They regulate the climate in our cities and along our streets and ensure that no heat islands develop on asphalted surfaces. But it is precisely there that trees are exposed to extreme conditions that they increasingly fail to survive.
It is a cloudy summer day when our Smart car turns into a side street not far from the Park and Ride in Junglinster at the same time as the bright orange truck of the road administration (Administration des Ponts et Chaussées). Road workers are here today, to remove the scrawny branches of a tree that – like so many others – has not survived the drought of the past summers unscathed. It is not yet completely dead, but unfortunately it can no longer be saved.

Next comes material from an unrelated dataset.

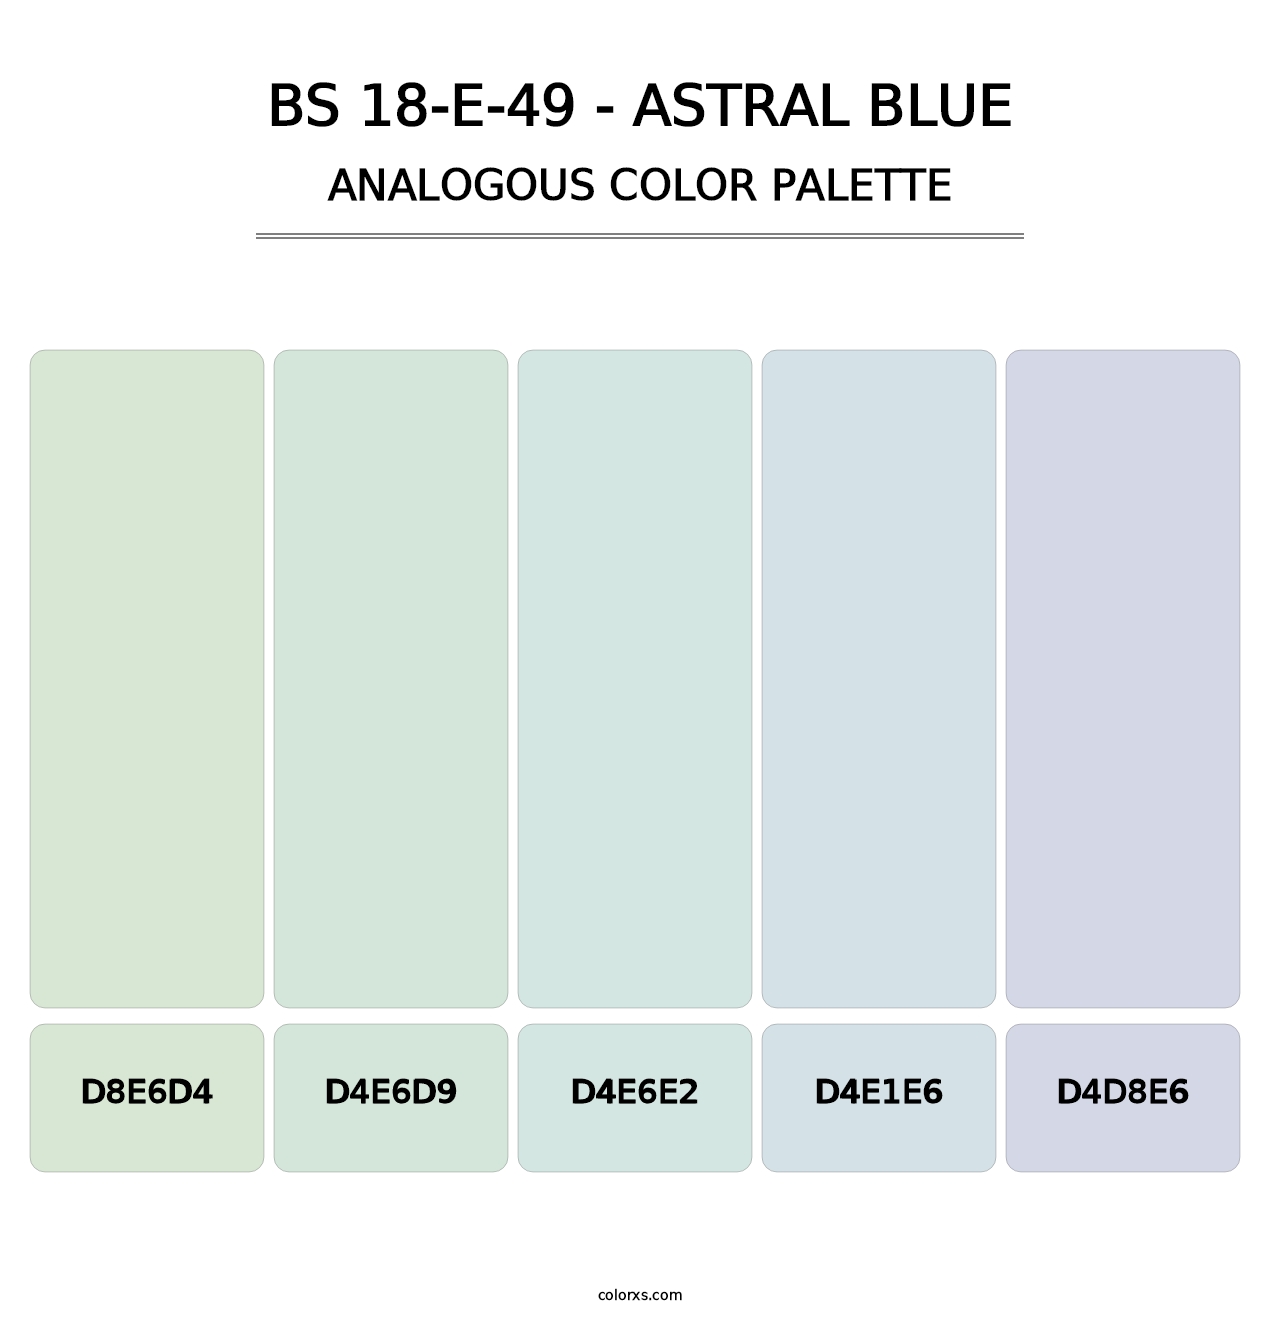 BS 18-E-49 - Astral Blue - Analogous Color Palette

"Its end is foreseeable, " says Ben Goebel, head of the tree pruning team (officially "équipe d'élagage") of the road administration. While his team spreads out on the lifting platform of the truck and around the tree in appropriate protective clothing, he explains to us exactly what work is ahead. The tree that is about to be pruned in front of us is a red-leaved Norway maple, he says. "It's a tree widespread in Central Europe that actually copes well with the climate conditions. However, this one has suffered a lot due to various factors." The thick branches are starting to dry out and the bark is peeling off – all signs that the tree is a road hazard. "That's why we have to react, we have to prevent branches from falling onto the road at all costs." So the tree-trimming team sets to work sawing off the scrawny branches in preparation for its removal. The tree will not be cut down completely today.